In 1988, Moscow committed to construct two 1,000 MW reactors at Kudankulam. Consistent with the NSG rules at the time, Moscow required, despite Indian resistance, that the reactors be placed under IAEA safeguards. (There was no NSG requirement at the time that India place all of its facilities under the agency’s monitoring). Moscow also added a further restriction in the Kudankulam agreement by requiring that spent fuel produced in the Soviet-supplied reactors be returned to the Soviet Union, thereby ensuring that India would not have access to the plutonium it contained. [6]

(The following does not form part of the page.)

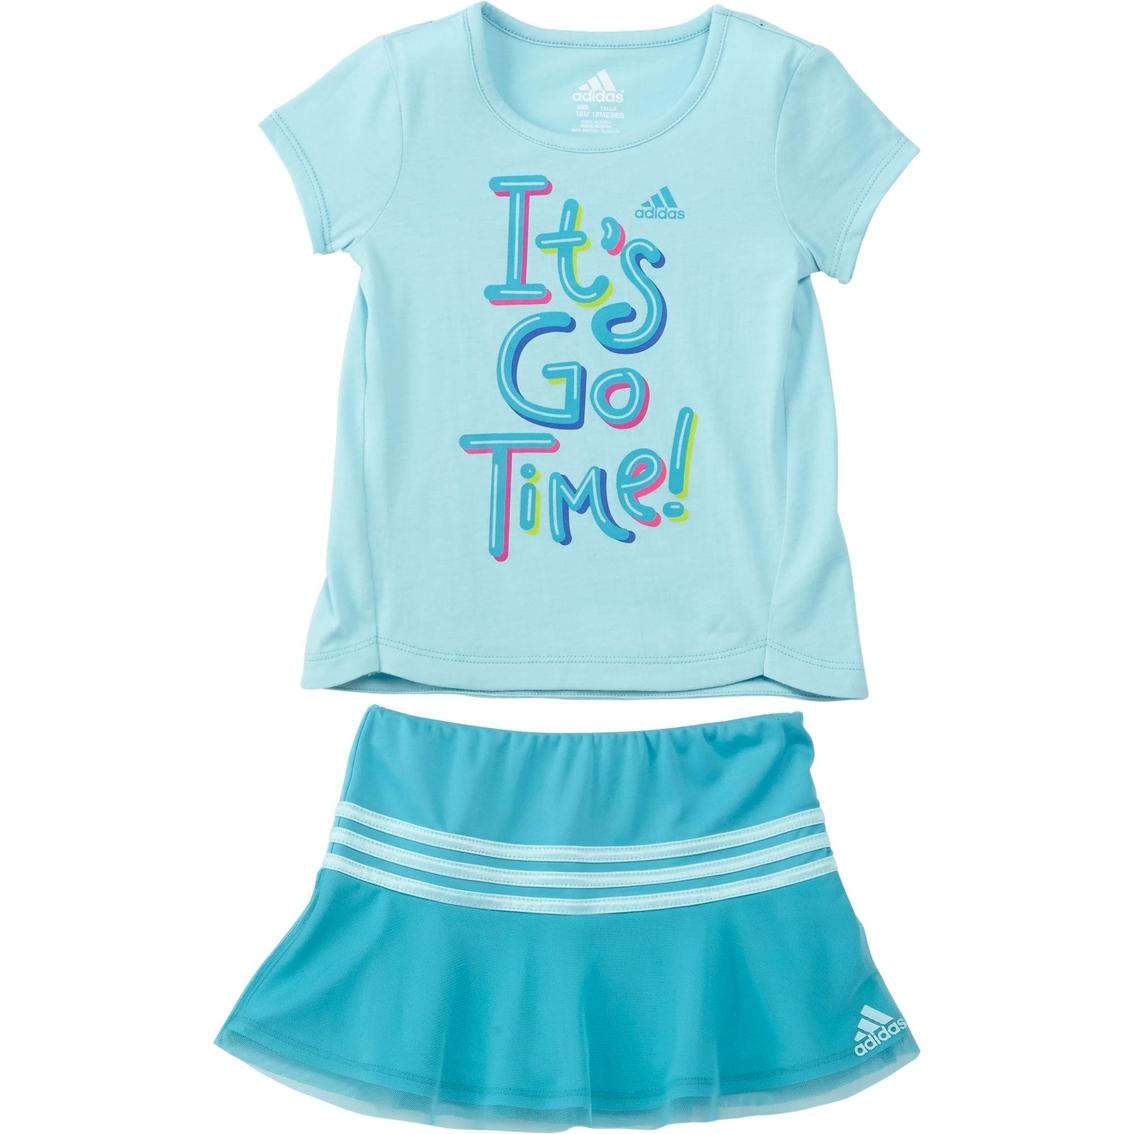 adidas Baby Girls Skort Set

In 1992, Moscow supported the strengthening of the NSG safeguards provision to restrict members’ future nuclear exports solely to countries with FSS. It took this step even though this threatened to cut off prospects for additional nuclear sales to India during the tumultuous decade following the break-up of the Soviet Union, when the Russian nuclear industry was desperately seeking to make ends meet. While Russia recommitted itself to the FSS provision at the 1995 NPT Review and Extension Conference by agreeing to the “Principles and Objectives for Nuclear Non-Proliferation and Disarmament” adopted at the meeting, Russian nuclear officials have sometimes appeared to view the FSS rule as a hurdle to advancing the country’s civilian nuclear interests in India and have been accused of not always abiding by the letter of the FSS requirement.[7]
In February 2001, for example, Russia shipped 58 tons of low enriched uranium (LEU) fuel to power two U.S.-built 210 MW boiling water reactors at Tarapur, in India’s state of Maharashtra. [8] Russian officials claimed that the transaction was exempt from the FSS rule under the rule’s safety exception. They argued that provision of the LEU was essential to forestall a potential safety hazard that would have arisen from India’s plan to use untested domestically produced mixed oxide (MOX) fuel if LEU fuel was not made available. [9] The shipment triggered a strong negative reaction from the NSG, and the United States offered up the harshest condemnation.[10] The pressure apparently worked, because in a December 2004 interview with the Hindu, Rosatom head Aleksandr Rumyantsev stated that Russia’s commitment to the NSG prevented it from providing further fuel supplies to Tarapur and that the 2001 shipment should not have been taken as a precedent for “usual cooperation.” In a discussion of the fuel problems Tarapur was facing, Rumyantsev lamented, “Yes, I know. This is the pain of my soul. But what can we do?” [11]
The construction of the Kudankulam reactors was seen by NSG countries to be in conflict with the FSS rule. On November 6, 2001, more than nine years after the FSS rule went into effect and after more than a decade of negotiation, Russian nuclear industry officials finalized plans with New Dehli for construction of two reactors at the Kudankulam site. To justify the project to their counterparts from NSG countries, Russian diplomats argued that because the initial Kudankulam agreement was signed in 1988, the reactor deal was not subject to the 1992 FSS requirement, noting that the Nuclear Supplier Group Guidelines state that the rule “does not apply to agreements or contracts drawn up on or prior to April 3, 1992.” [12] Some observers questioned whether the deal was eligible for the exemption, however, in view of the fact that it was not finalized until 2001.[13]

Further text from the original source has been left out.